Journal:An automated dashboard to improve laboratory COVID-19 diagnostics management
Full article title | An automated dashboard to improve laboratory COVID-19 diagnostics management |
---|---|
Journal | Frontiers in Digital Health |
Author(s) | Maury, Emma; Boldi, Marc-Olivier; Greub, Gilbert; Chavez, Valérie; Jaton, Katia; Opota, Onya |
Author affiliation(s) | University of Lausanne, Lausanne University Hospital |
Primary contact | Email: onya dot opota at chuv dot ch |
Editors | Hochheiser, Harry |
Year published | 2021 |
Volume and issue | 3 |
Article # | 773986 |
DOI | 10.3389/fdgth.2021.773986 |
ISSN | 2673-253X |
Distribution license | Creative Commons Attribution 4.0 International |
Website | https://www.frontiersin.org/articles/10.3389/fdgth.2021.773986/full |
Download | https://www.frontiersin.org/articles/10.3389/fdgth.2021.773986/pdf (PDF) |
This article should be considered a work in progress and incomplete. Consider this article incomplete until this notice is removed. |
Background: In response to the COVID-19 pandemic, our microbial diagnostic laboratory located in a university hospital has implemented several distinct SARS-CoV-2 reverse transcription polymerase chain reaction (RT-PCR) systems in a very short time. More than 148,000 tests have been performed over 12 months, which represents about 405 tests per day, with peaks to more than 1,500 tests per days during the second wave. This was only possible thanks to automation and digitalization, to allow high-throughput, acceptable time to results and to maintain test reliability. An automated dashboard was developed to give access to key performance indicators (KPIs) to improve laboratory operational management.
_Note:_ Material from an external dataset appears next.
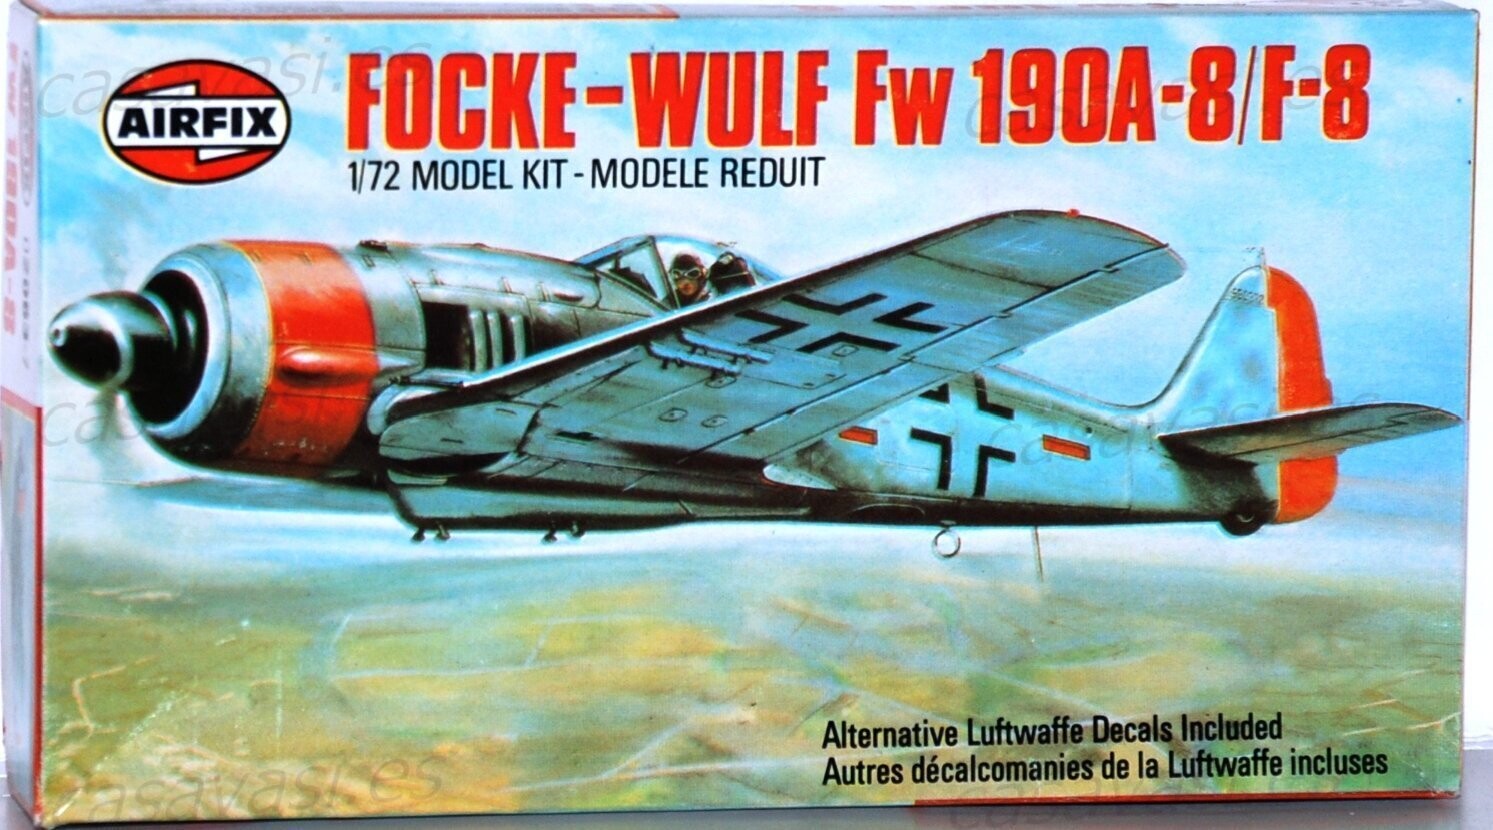 Airfix - 1978 - s2-02063-7 - 1/72 - Focke-Wulf Fw 190A-8/F8
Box Size 21 x 11.5 cm.

Methods: RT-PCR data extraction of four respiratory viruses—SARS-CoV-2, influenza A and B, and RSV—\—from our laboratory information system (LIS) was automated. This included age, gender, test result, RT-PCR instrument, sample type, reception time, requester, hospitalization status, etc. Important KPIs were identified and the visualization was achieved using an in-house dashboard based on the R open-source language (R Shiny).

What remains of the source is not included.